# Power Max auger cover crack



## cdestuck (Jan 20, 2013)

Have a Power Max 826 ,model 38620. The thick plastic cover that transitions the auger housing to the chute developed a crack. I tried to JB weld it after drilling a hole at either end of the crack. Well with the icy snow we had, the JB didn't hold and the crack began to grow. So today I made a paper pattern to cover the cracked area and transferred it onto a piece of sheet metal. I then formed it over the cover and pop riveted it to the cover.
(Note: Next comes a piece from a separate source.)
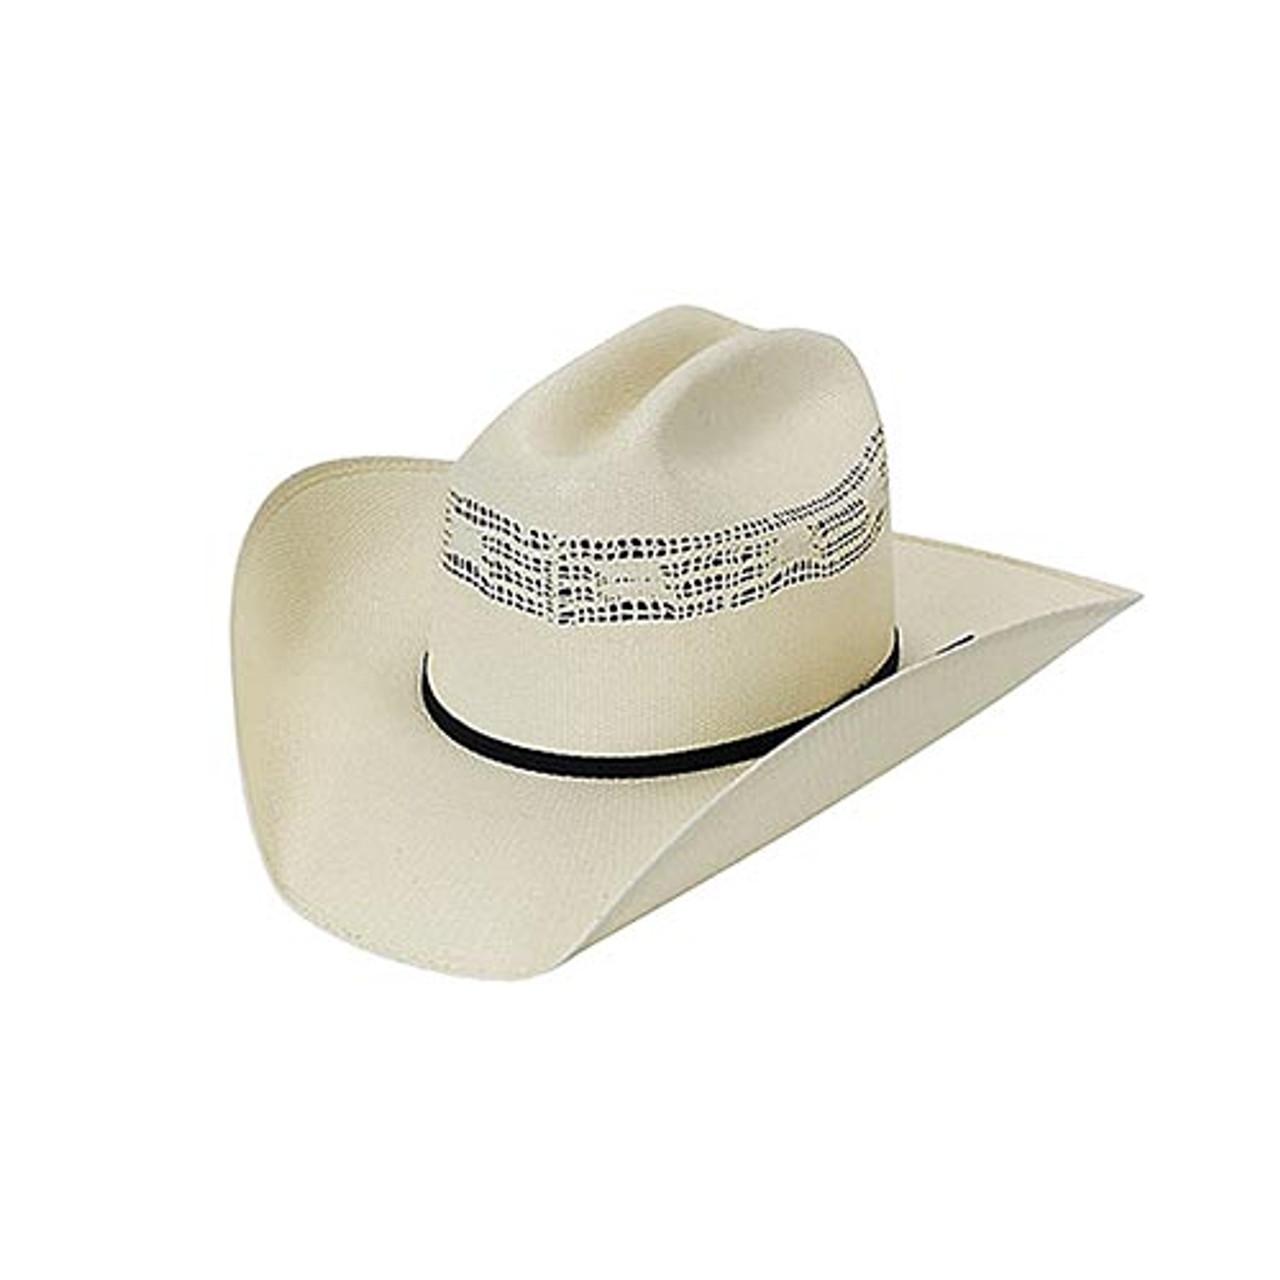 6274c88cfa253e Justin Straw Hats - Justin 20X Bryson Bangora Straw Cowboy Hat ...

Gave it a heck of a workout today and it appears to be holding up real good. 


Anyone else with a Power Max ever have this problem?


----------



## Shryp (Jan 1, 2011)

This is the first I have heard of any cracked plastic on a Toro. In fact, I thought I had read that the plastic parts had a lifetime warranty or something. Maybe inquire with Toro or see if you can find any info in the warranty section of your manual?


----------



## cdestuck (Jan 20, 2013)

Thanks Shryp, I will look into that.


----------



## UNDERTAKER (Dec 30, 2013)

they have a lifetime warranty to them. call toro and your dealer..


----------



## cdestuck (Jan 20, 2013)

Called Toro today and from what they say this part has a 5 year warranty. So I'm a few years out of luck. Now ever I feel I got a really good fix on this and I recently bought a Toro upgrade kit which included a drive gear set, this part, and a axle shaft for only 44 bucks so I'm in good shape. just my luck of course.


----------